Женщина и есть именно та материя, которая принимает любую форму. Тот факт, что девочки обладают большей способностью запоминания учебного материала, чем мальчики, можно объяснить только пустотой и ничтожеством женщин, которые пропитываются любым содержанием. Мужчина же сохраняет в своей памяти лишь то, что его действительно интересует, все же остальное он забывает (см. часть II). Но то, что мы назвали приспосабливаемостью женщины, ее полная подчиняемость пересоздающей воле мужчины все это объясняется только тем, что женщина является одной только материей, что она лишена всякой изначальной формы. Женщина ничто, поэтому и только ПОЭТОМУ она может стать всем. Мужчина же может стать только тем, что он есть.

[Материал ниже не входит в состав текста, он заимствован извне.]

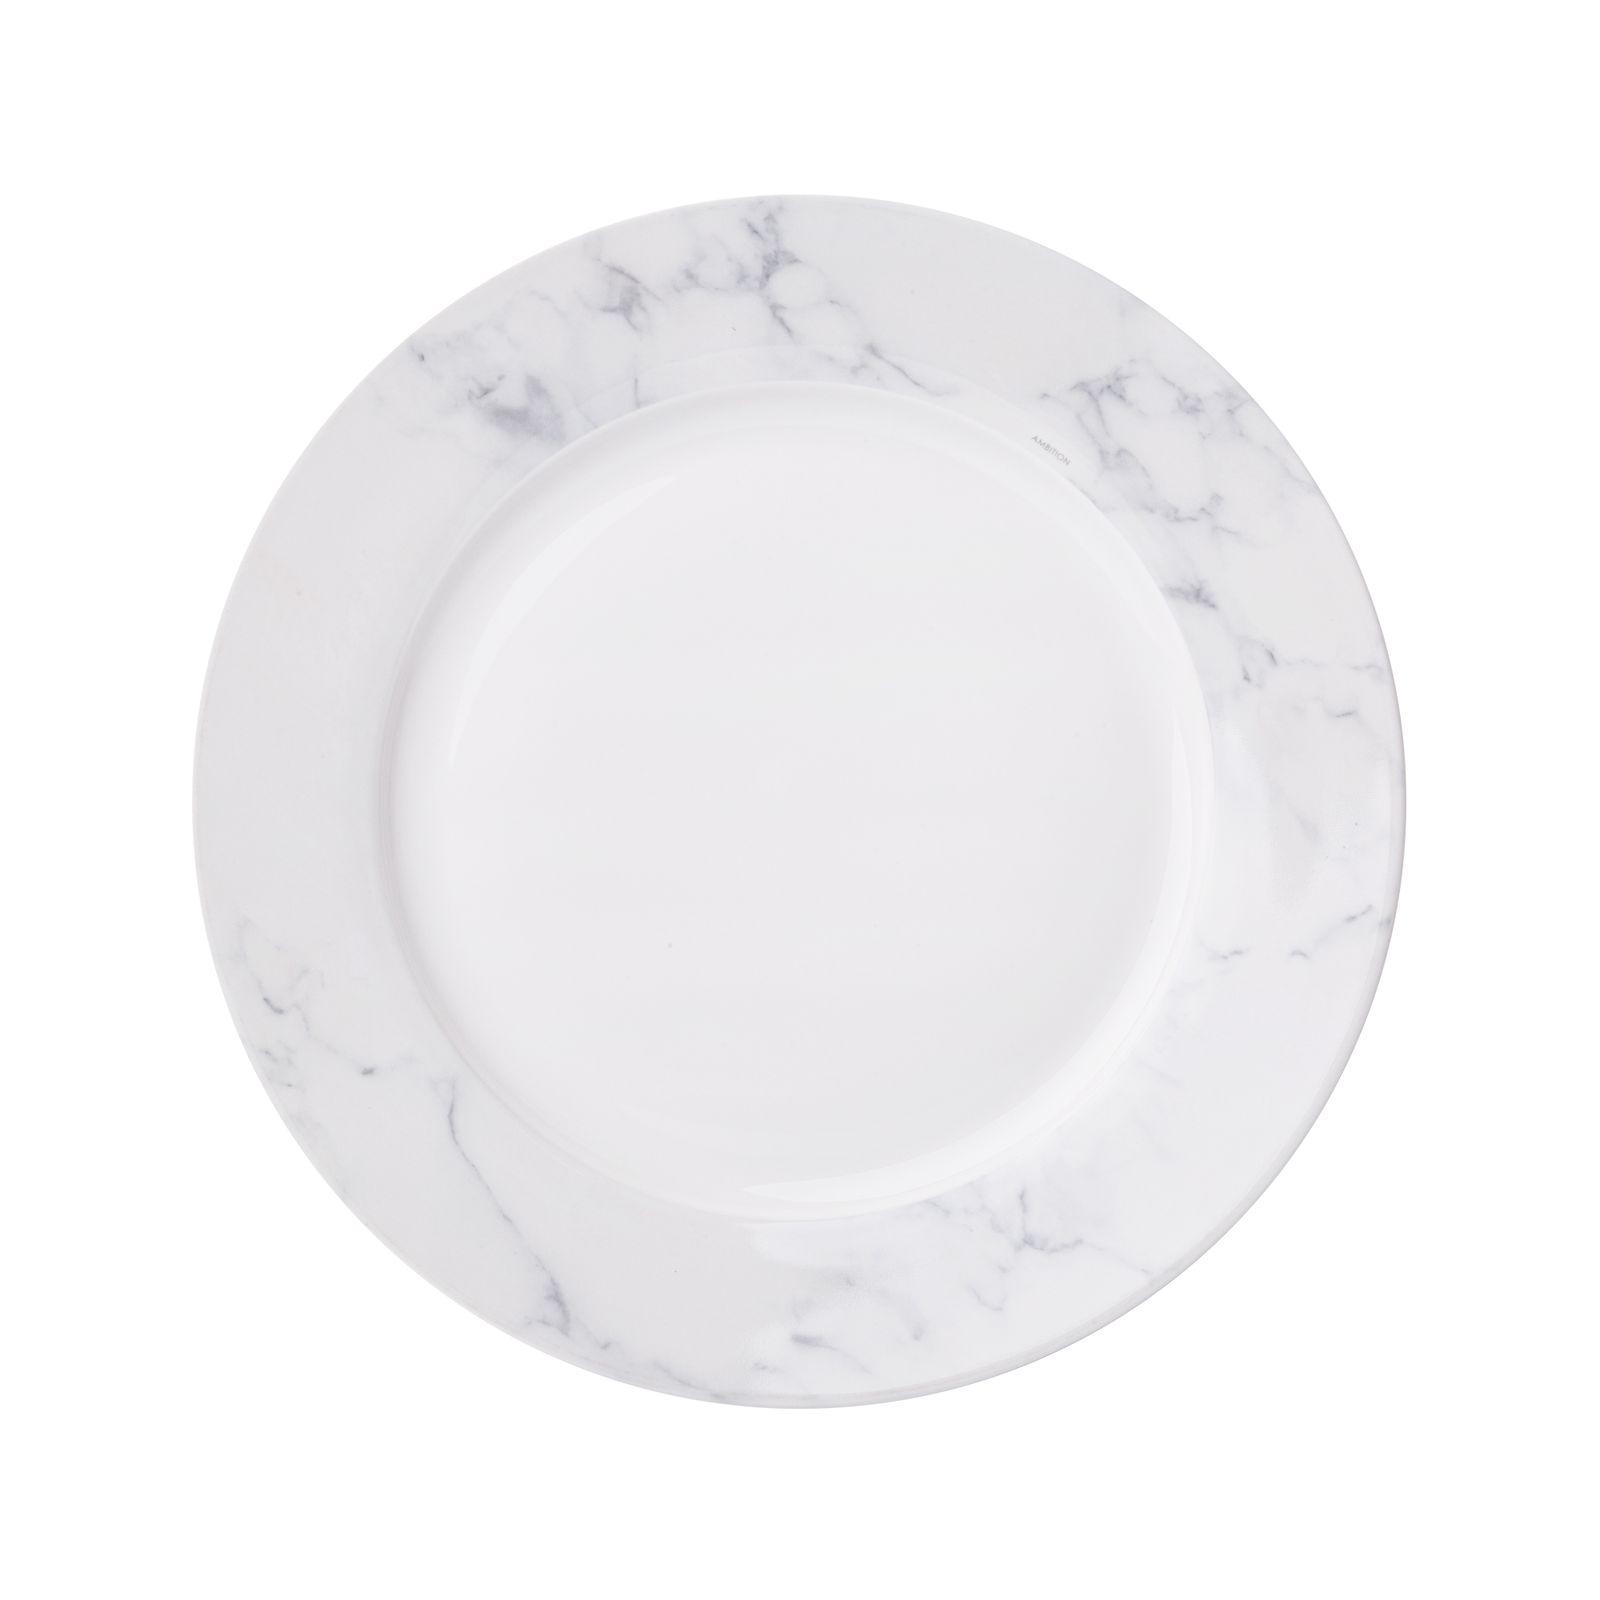 Talerz deserowy 19 cm Marble AMBITION

Из женщины можно сделать все, что только угодно, тогда как мужчине можно лишь помочь достигнуть того, к чему он сам стремится. Поэтому. серьезно говоря, имеет смысл воспитывать женщин, но не мужчин. Воспитание производит крайне незначительную перемену в истинной сущности мужчины, в женщине же путем одного внешнего влияния можно вытеснить глубочайшую природу ее высшую ценность, которую OH придает сексуальности. Женщина может создать какое угодно представление, она может все отрицать, но в действительности она ничто. У женщин нет какого-нибудь определенного свойства. Единственное ее свойство покоится на том, что она лишена всяких свойств. Вот в чем заключается вся сложность и загадочность женщины. В этом кроется ее превосходство над мужчиной и ее неуловимость для него, потому что мужчина и в данном случае ищет какого-то прочного ядра.
Если найденные нами выводы в своей правильности и не вызовут ни в ком сомнения, то все же они заслуживают упрек в том, что они не дают никаких сведений об истинной сущности мужчины. Можно ли приписать ему какую-нибудь общую черту, как мы сделали это по отношению к женщине, всеобщим свойством которой является сводничество, отсутствие всякой сущности? Существует ли вообще понятие мужчины в том смысле, в каком существует понятие женщины? Допускает ли она подобное же определение?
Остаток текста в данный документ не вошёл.